Award Dates: April 1, 2015 — March 31, 2017
PI: Susan Q. Lang (University of South Carolina)
Co-I: Matthew O. Schrenk (Michigan State)
Abstract
The isotopic composition of lipid biomarkers and biomass in sedimentary environments are widely used to infer microbial metabolisms and constrain carbon cycling processes. It has been observed that metabolic energy availability in the form of H2 impacts the stable carbon isotopes of CH4 during hydrogenotrophic methanogenesis, but it is unknown whether this relationship extends to lipids and amino acids. Since lipids and amino acids are long-lived, they can be used to reconstruct past conditions over geologic timescales. Therefore, the controls on their isotopic signatures are important to constrain to better interpret past environments.

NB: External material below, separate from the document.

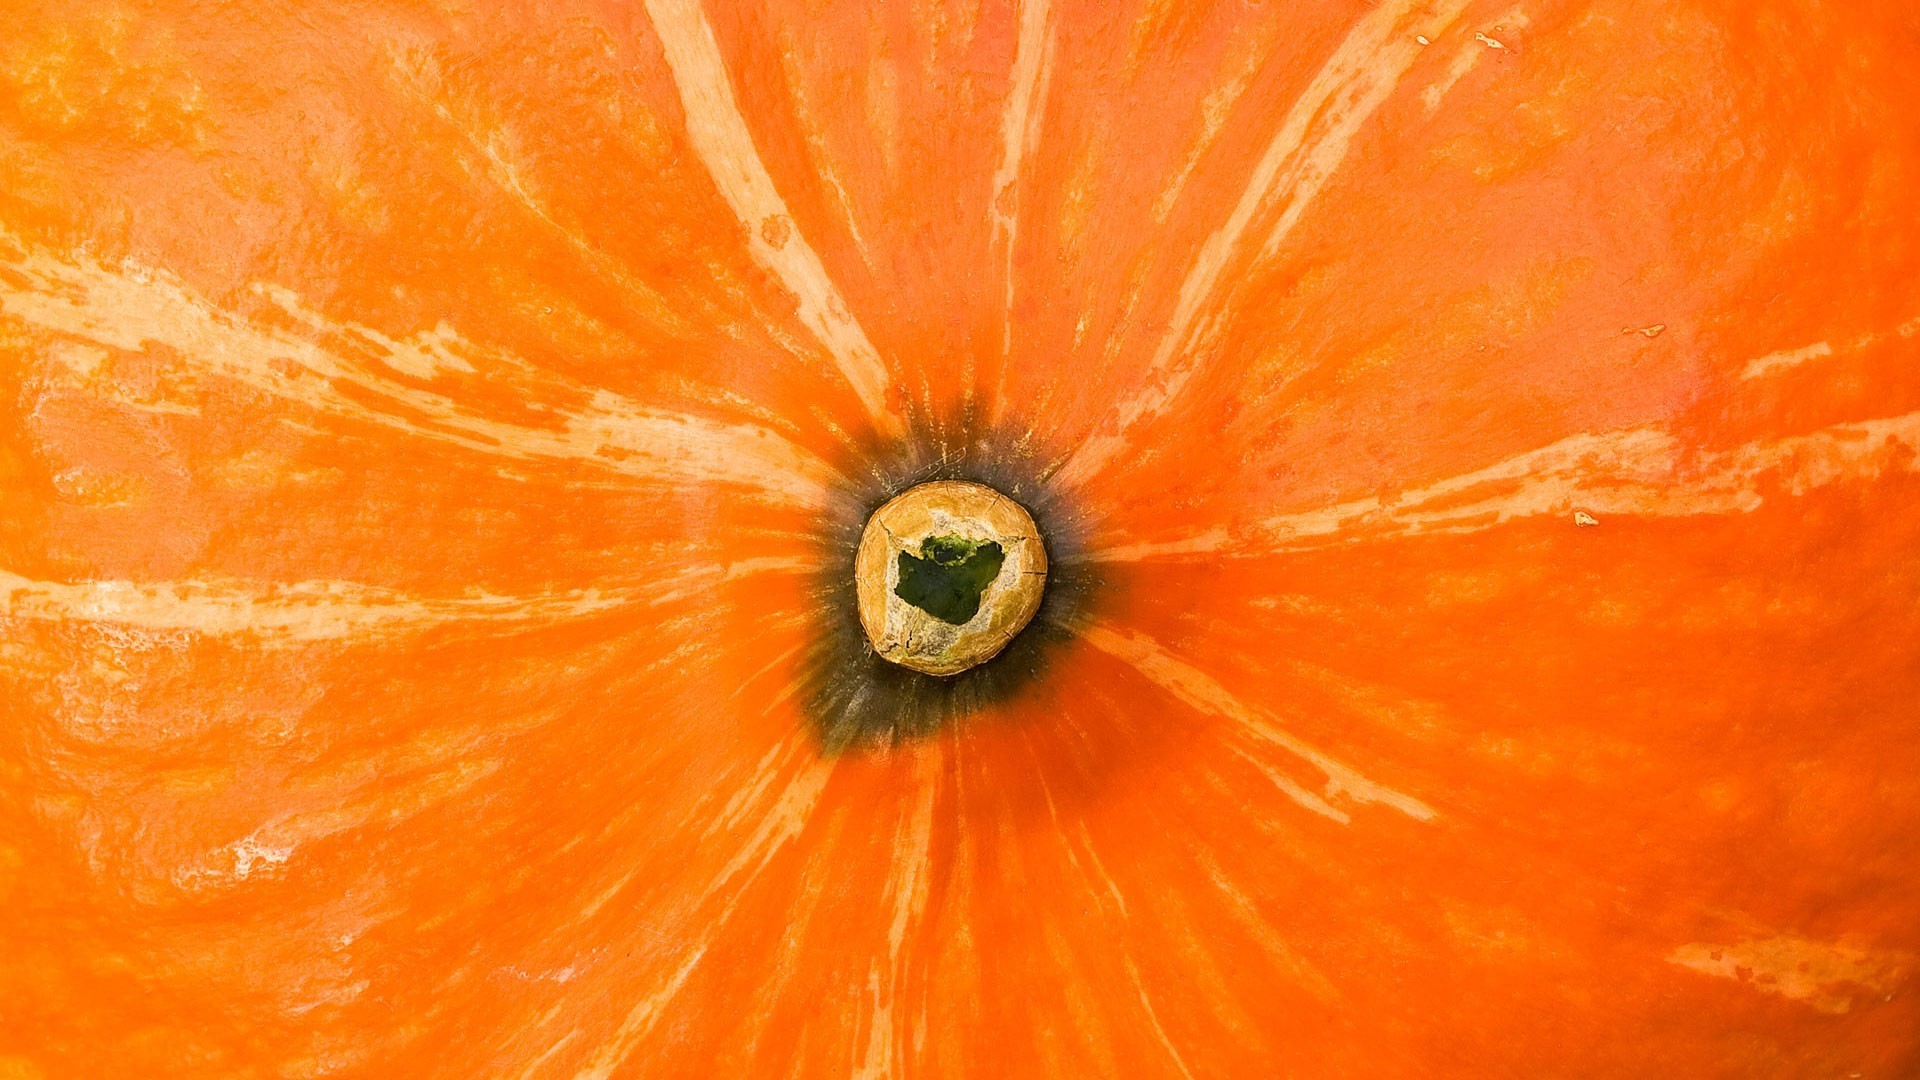 General 1920x1080 orange orange background island pumpkin

In this study, the isotopic distributions of carbon metabolized and reduced by the hyperthermophile Methanocaldococcus jannaschii were quantified following growth at 82 °C in a chemostat with high (80–83 µM) and low (15–27 µM) H2 concentrations. As has been shown previously, the stable carbon isotope fractionation factors for CH4 were >15‰ larger in low H2 experiments than in high H2 experiments. Lipid biomarkers and amino acids were similarly impacted with approximately 10‰ larger fractionation factors under low H2 conditions. The increase in fractionation factors can be related to the lower availability of thermodynamic energy, suggesting that even larger fractionation factors would be observed in methanogens living close to their threshold energy needs, as they do in most environments. The resulting isotopic signatures of long-lived lipid biomarkers synthesized by hydrogenotrophic methanogens may become as ‘superlight’ as those synthesized by archaea carrying out the anaerobic oxidation of methane. These results help to describe the underlying mechanisms that determine the isotopic composition of long-lived biomarkers and provide constraints for interpreting these signatures in the environment.